The telemetry payload provides a single structured message that Radxa can ingest and store.

Requirements

Each telemetry message shall include:

  • message_type set to "telemetry"
  • device.mac
  • timestamp_device_ms
  • items[] containing heartbeat, sensors, and failover event data

Failover Telemetry Rule (Critical)

Requirements

  • Controller A shall transmit telemetry while it is operational.
  • Controller B shall not transmit telemetry while Controller A is healthy.
  • Controller B shall begin transmitting telemetry only after Controller A failure.
  • Controller B shall stop transmitting when Controller A recovers.

Data Structure

{
  "message_type": "telemetry",
  "device": { "mac": "AA:BB:CC:DD:EE:FF" },
  "timestamp_device_ms": 0,
  "items": [
    { "kind": "heartbeat", "controller_a_alive": true, "controller_b_alive": true },
    {
      "kind": "sensors",
      "buses": [
        { "bus": "cool", "temperatures_c": [0.0, 0.0, 0.0] },
        { "bus": "exhaust", "temperatures_c": [0.0, 0.0, 0.0] }
      ]
    },
    { "kind": "event", "type": "failover", "occurred": false, "details": "" }
  ]
}

Not in This Version

  • No relay control
  • No SPDT switch control
  • No sensor-bus switching

Requirements: Sensor Bus Configuration

Purpose: The sensor bus architecture provides redundant access to environmental sensors by implementing two independent buses (front and back) while ensuring electrical isolation and controlled selection using analog SPDT switches.

  • The system shall implement two sensor buses, designated as the front bus and the back bus.

  • Both sensor buses shall share the same ESP32 GPIO pins, with bus selection performed through SPDT switches.

  • Each sensor bus shall be connected to the ESP32 through a dedicated SPDT switch to ensure electrical isolation.

  • Only one sensor bus shall be connected to the ESP32 at any time, preventing bus contention and undefined electrical states.

  • SPDT switch control shall be managed by system logic and coordinated with heartbeat and failover mechanisms.

  • Upon failover, the active SPDT switch shall select the appropriate sensor bus without requiring firmware pin reconfiguration.

  • A failure or short on one sensor bus shall not electrically affect the other bus due to SPDT-based isolation.

  • The active sensor bus state shall be observable and reportable for monitoring and diagnostics.

Requirements: Network Communication

Purpose: The network communication subsystem ensures reliable data delivery by prioritizing wired Ethernet connectivity while providing automatic wireless failover to maintain system availability during network faults.

  • The system shall use Ethernet as the primary communication protocol for all normal data transmission and control traffic.

  • The system shall support Wi-Fi as a secondary communication path used only when Ethernet connectivity is unavailable or degraded.

  • Ethernet link status shall be continuously monitored to detect loss of connectivity or failure conditions.

  • Upon detection of an Ethernet failure, the system shall automatically switch communication to Wi-Fi without requiring manual intervention.

  • Failover from Ethernet to Wi-Fi shall occur within a bounded and predictable time window to minimize data loss.

  • When Ethernet connectivity is restored and verified as stable, the system shall transition back to Ethernet as the primary communication channel.

  • Network failover events shall be logged and reported to the monitoring or alerting system for diagnostics and maintenance awareness.

  • The failover mechanism shall operate independently of the heartbeat and relay logic but remain coordinated to preserve overall system consistency.

Requirements: Rack Identification

Purpose: Rack identity shall be assigned and managed centrally by the Radxa cluster to support scalable deployment without requiring firmware changes.
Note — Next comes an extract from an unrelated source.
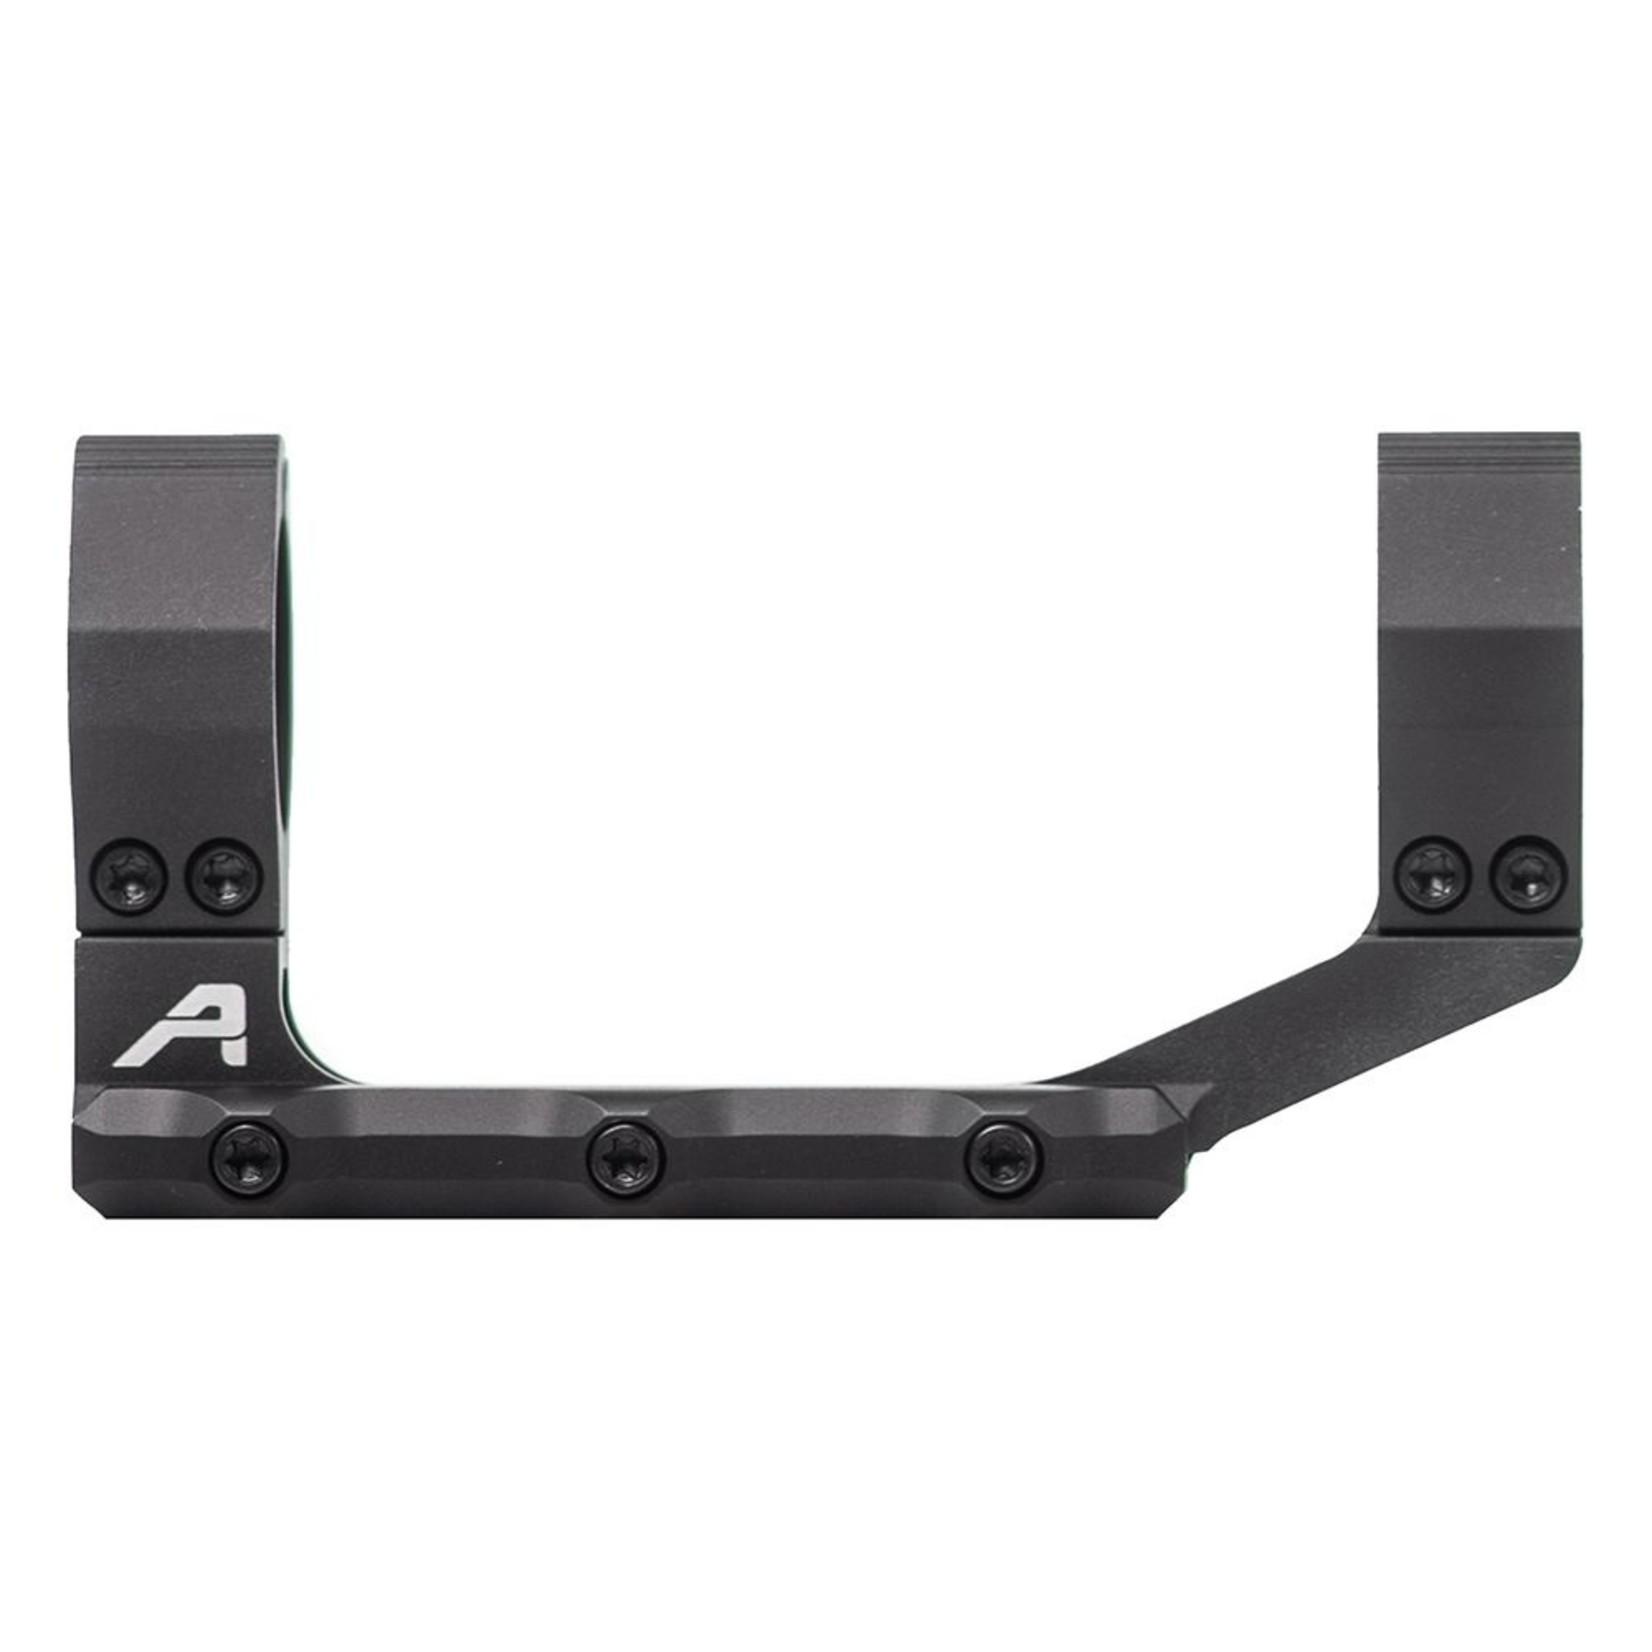 "Aero Aero Ultralight 1"" Scope Mount, SPR - Anodized Black"
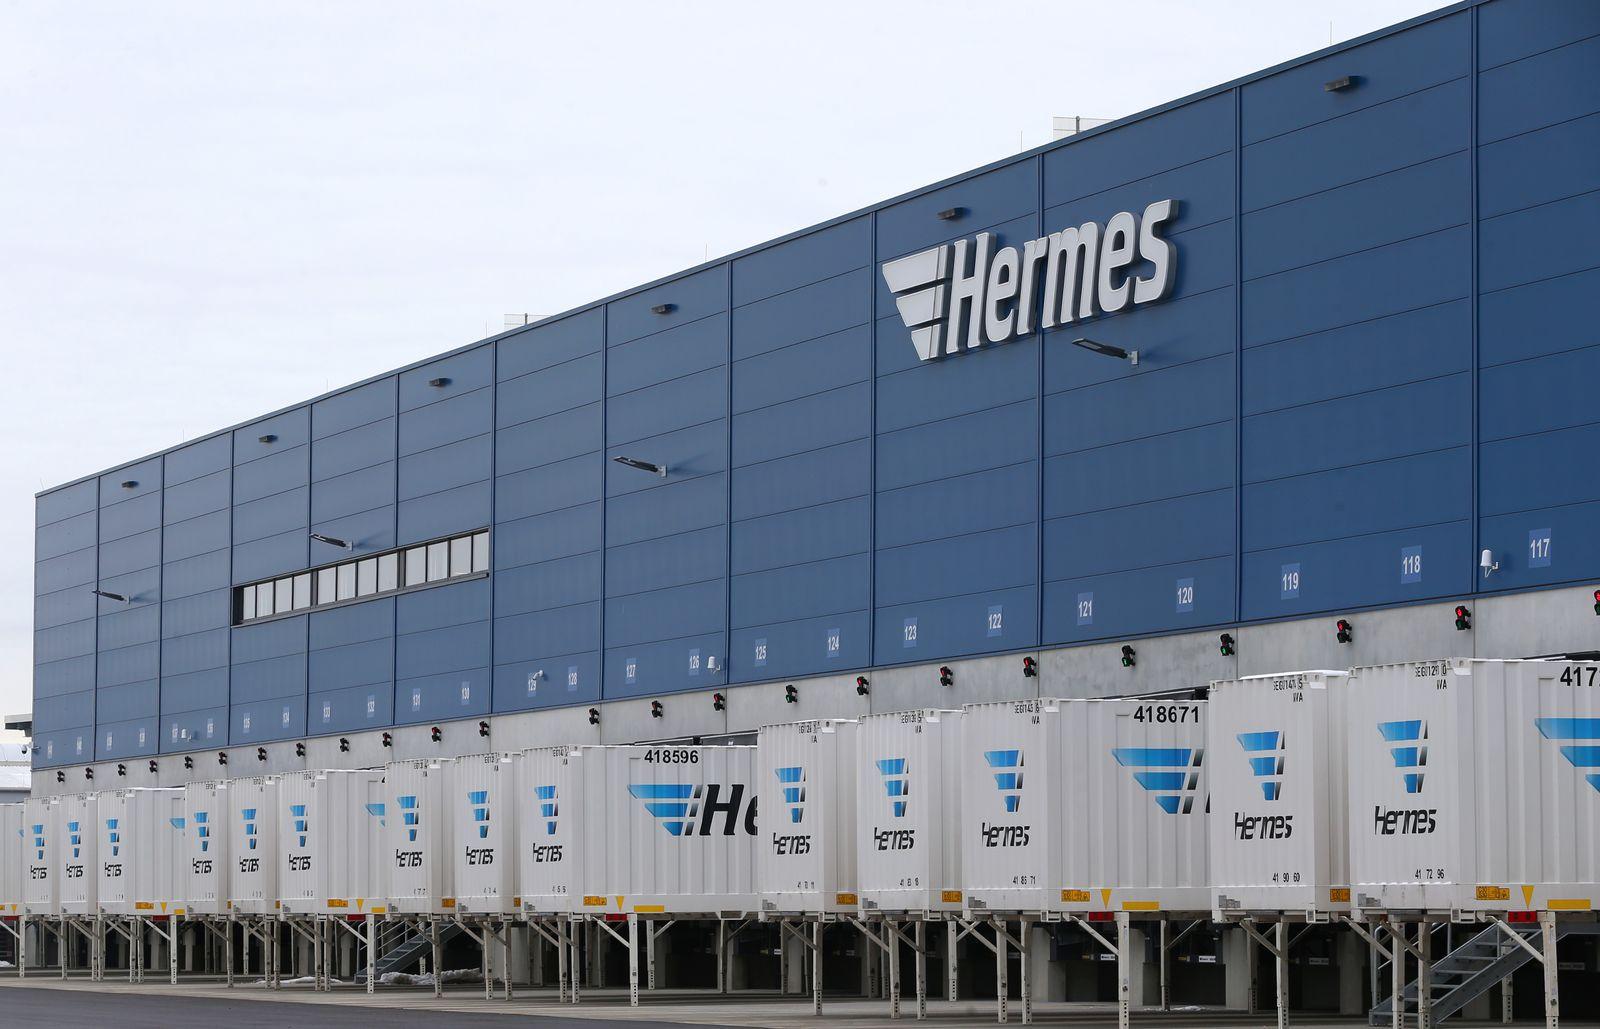 Hemes Logistikzentrum

The system shall also detect and safely handle telemetry received from unregistered (unknown) ESP32 devices.

  • The ESP32 firmware shall transmit telemetry containing a unique device identifier (e.g., MAC address) with every message.

  • The Radxa cluster shall maintain a configuration mapping of MAC address → rack_id (and optionally role, location, and metadata).

  • The Radxa cluster shall be the source of truth for rack identification and labeling.

  • Upon receiving telemetry from a MAC address not present in the Radxa mapping, the system shall:

    • Mark the data as unassigned/unknown (e.g., rack_id = "unknown" or unassigned=true).

    • Store the unknown MAC address and associated metadata (first-seen time, last-seen time, message count).

    • Continue ingesting the data without dropping it, while ensuring it is clearly labeled as unassigned.

Alerting Policy for Unknown MAC Addresses

  • Unknown MAC address detection shall generate a warning severity event (not an error).

  • The system shall send a summarized notification to the administrator once every 24 hours if one or more unknown MAC addresses were observed during that period.

  • The daily warning notification shall include, at minimum:

    • List of unknown MAC addresses

    • First-seen and last-seen timestamps (per MAC)

    • Count of messages received (per MAC)

    • Any available network/source details (e.g., IP, interface: Ethernet/Wi-Fi)

Non-Functional Requirement

  • The unknown-device warning mechanism shall be rate-limited to at most one notification per 24-hour window, to prevent alert fatigue while ensuring visibility for maintenance.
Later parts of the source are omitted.